THE COUNCIL OF THE EUROPEAN UNION,

Having regard to the Treaty on European Union, and in particular Articles 30(1)(a) and (b), 31(1)(a) and (b) and 34(2)(c) thereof,

Having regard to the proposal from the Commission,

Having regard to the opinion of the European Parliament(1),

Whereas:

(1) The Schengen information system (SIS) set up pursuant to the provisions of Title IV of the Convention of 19 June 1990 implementing the Schengen Agreement of 14 June 1985 between the governments of the States of the Benelux Economic Union, the Federal Republic of Germany and the French Republic on the gradual abolition of checks at their common borders(2) (the Schengen Convention), and its development, SIS 1+, constitute an essential tool for the application of the provisions of the Schengen acquis as integrated into the framework of the European Union.
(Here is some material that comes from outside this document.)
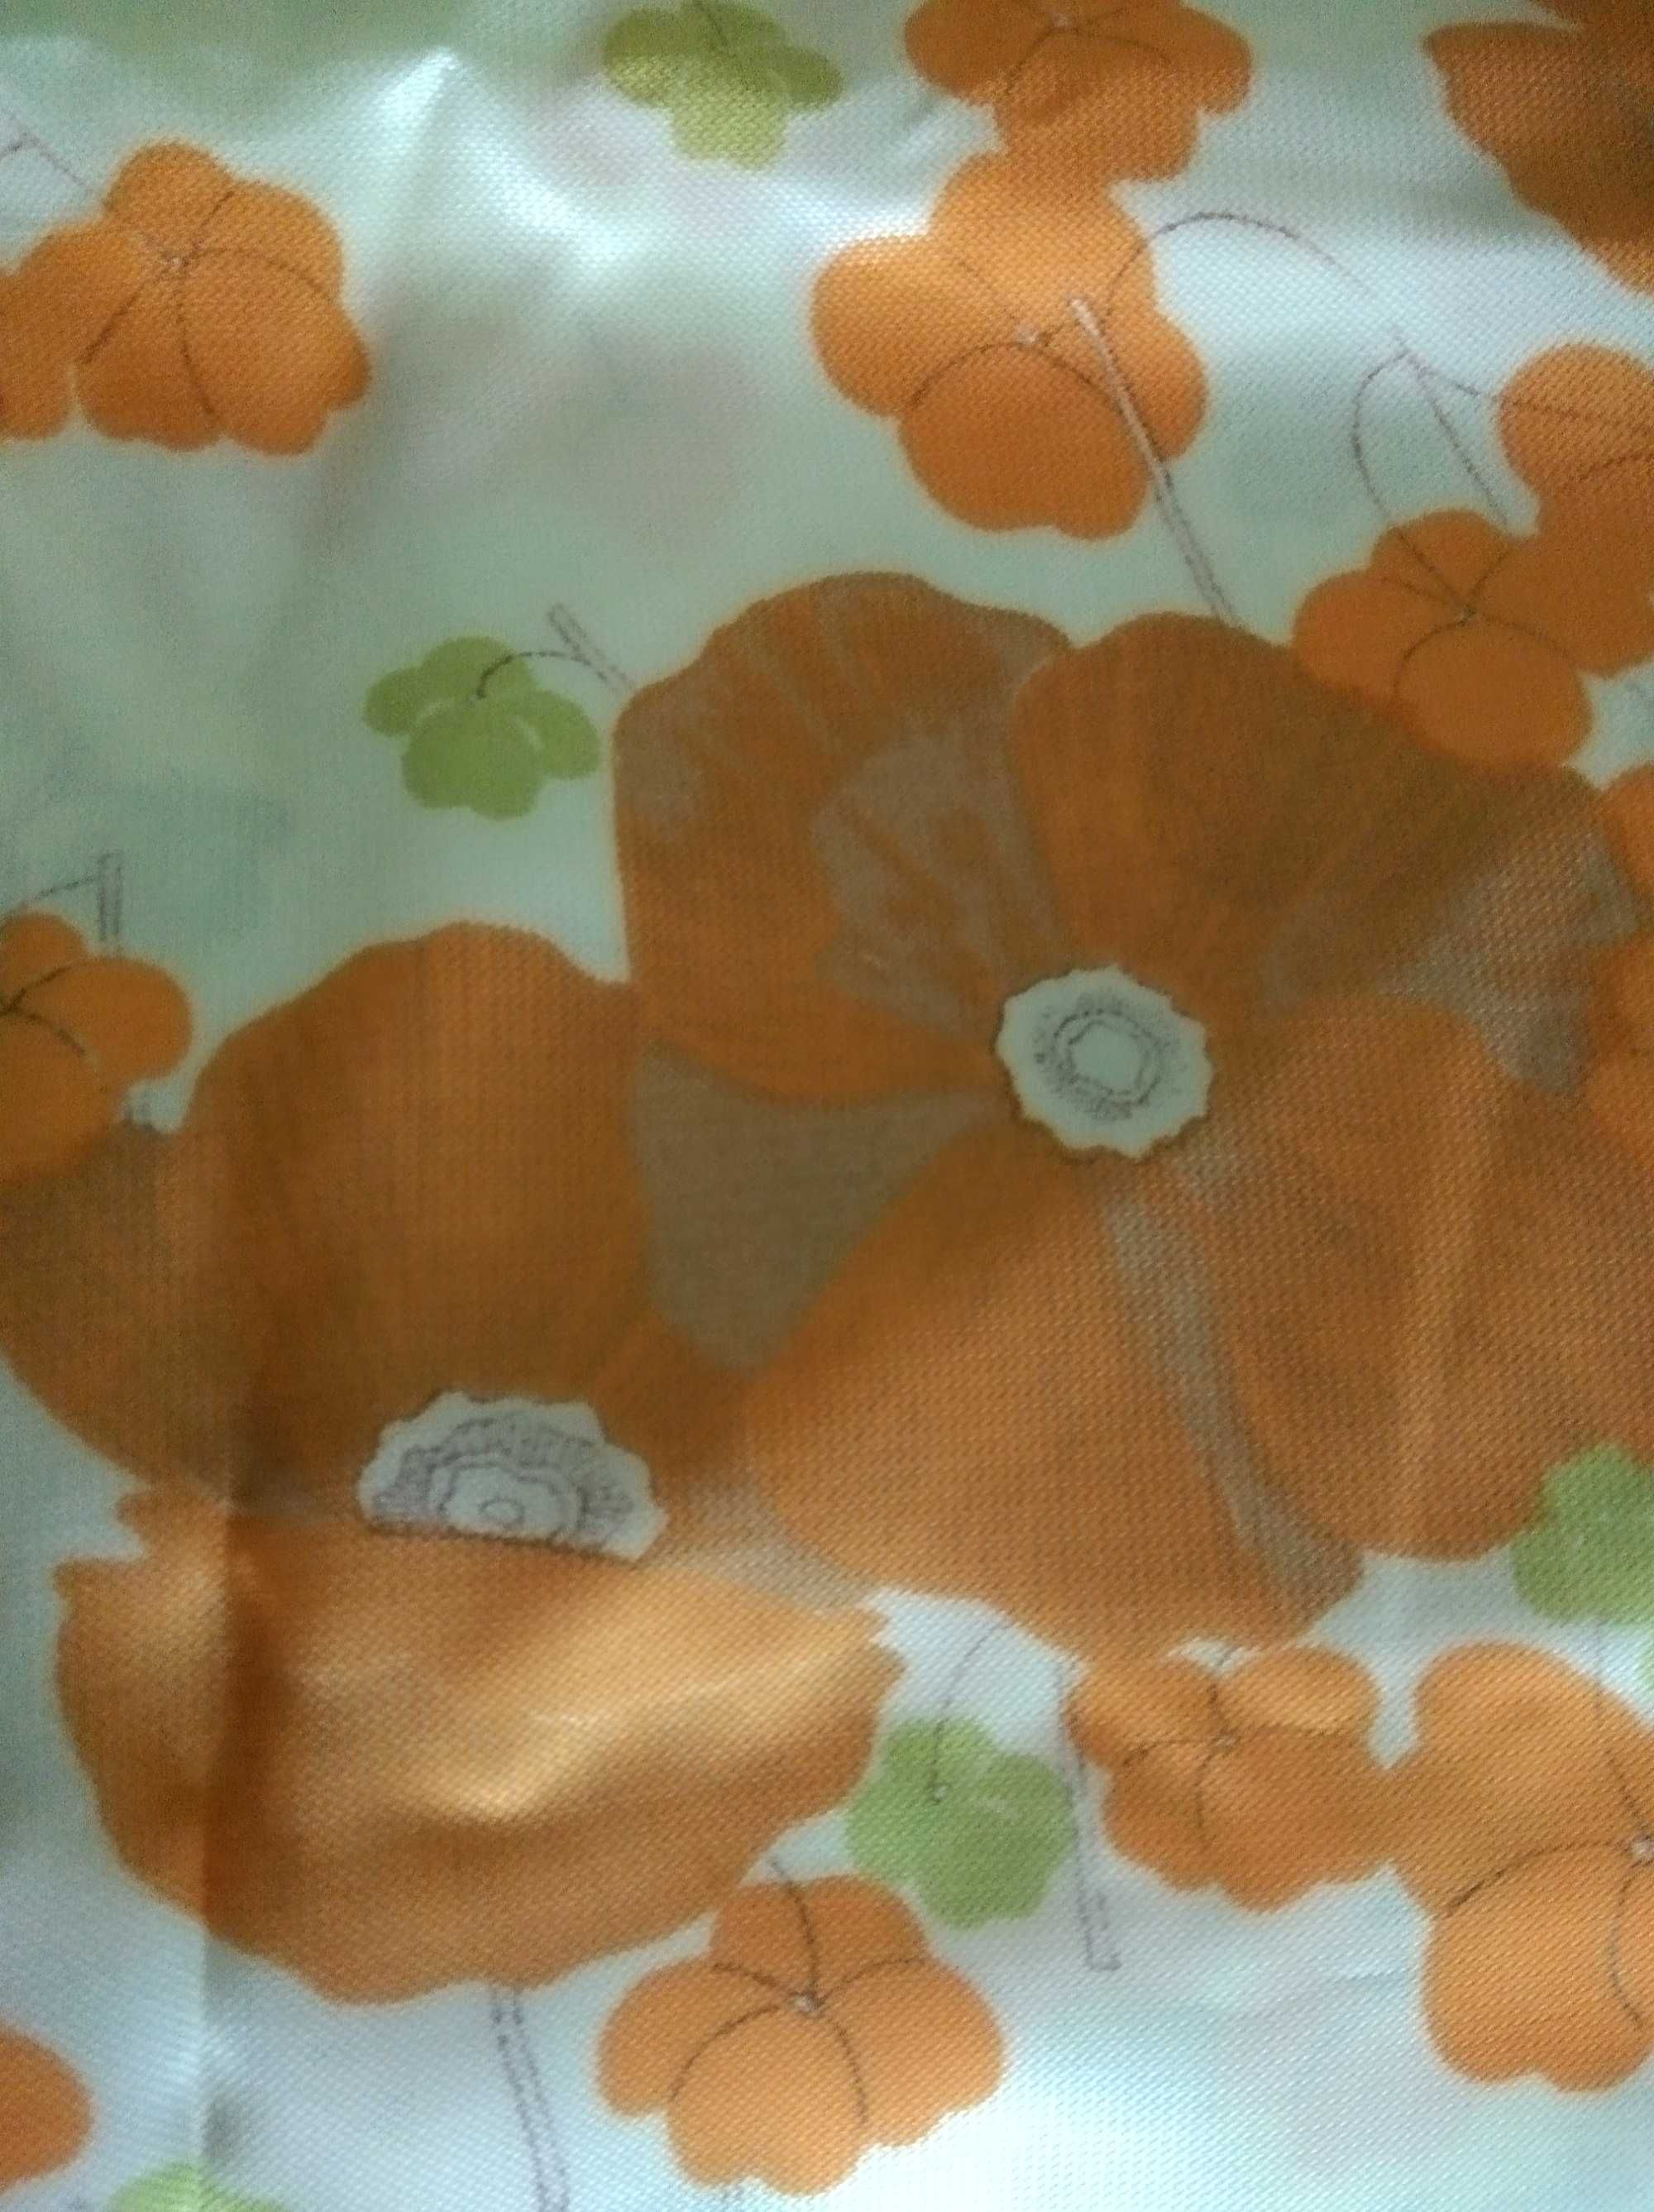 Ткань искуственный шелк с маками оранжевыми времен ссср раритет винтаж

(2) The development of the second generation of SIS (SIS II) has been entrusted to the Commission pursuant to Council Regulation (EC) No 2424/2001(3) and Council Decision 2001/886/JHA of 6 December 2001 on the development of the second generation Schengen Information System (SIS II)(4). SIS II will replace SIS as created pursuant to the Schengen Convention.

(3) This Decision constitutes the necessary legislative basis for governing SIS II in respect of matters falling within the scope of the Treaty on European Union (the EU Treaty). Regulation (EC) No 1987/2006 of the European Parliament and of the Council of 20 December 2006 on the establishment, operation and use of the second generation Schengen Information System (SIS II)(5) constitutes the necessary legislative basis for governing SIS II in respect of matters falling within the scope of the Treaty establishing the European Community (the EC Treaty).

(4) The fact that the legislative basis necessary for governing SIS II consists of separate instruments does not affect the principle that SIS II constitutes one single information system that should operate as such. Certain provisions of these instruments should therefore be identical.

(5) SIS II should constitute a compensatory measure contributing to maintaining a high level of security within the area of freedom, security and justice of the European Union by supporting operational cooperation between police authorities and judicial authorities in criminal matters.

(6) It is necessary to specify the objectives of SIS II, its technical architecture and financing, to lay down rules concerning its operation and use and to define responsibilities, the categories of data to be entered into the system, the purposes for which the data are to be entered, the criteria for their entry, the authorities authorised to access the data, the interlinking of alerts and further rules on data processing and the protection of personal data.

(7) SIS II is to include a central system (Central SIS II) and national applications. The expenditure involved in the operation of Central SIS II and related communication infrastructure should be charged to the general budget of the European Union.

(8) It is necessary to establish a manual setting out the detailed rules for the exchange of certain supplementary information concerning the action called for by alerts. National authorities in each Member State should ensure the exchange of this information.

(9) For a transitional period, the Commission should be responsible for the operational management of Central SIS II and of parts of the communication infrastructure. However, in order to ensure a smooth transition to SIS II, it may delegate some or all of these responsibilities to two national public sector bodies. In the long term, and following an impact assessment, containing a substantive analysis of alternatives from financial, operational and organisational perspective, and legislative proposals from the Commission, a management authority with responsibility for these tasks should be established. The transitional period should last for no more than five years from the date from which this Decision applies.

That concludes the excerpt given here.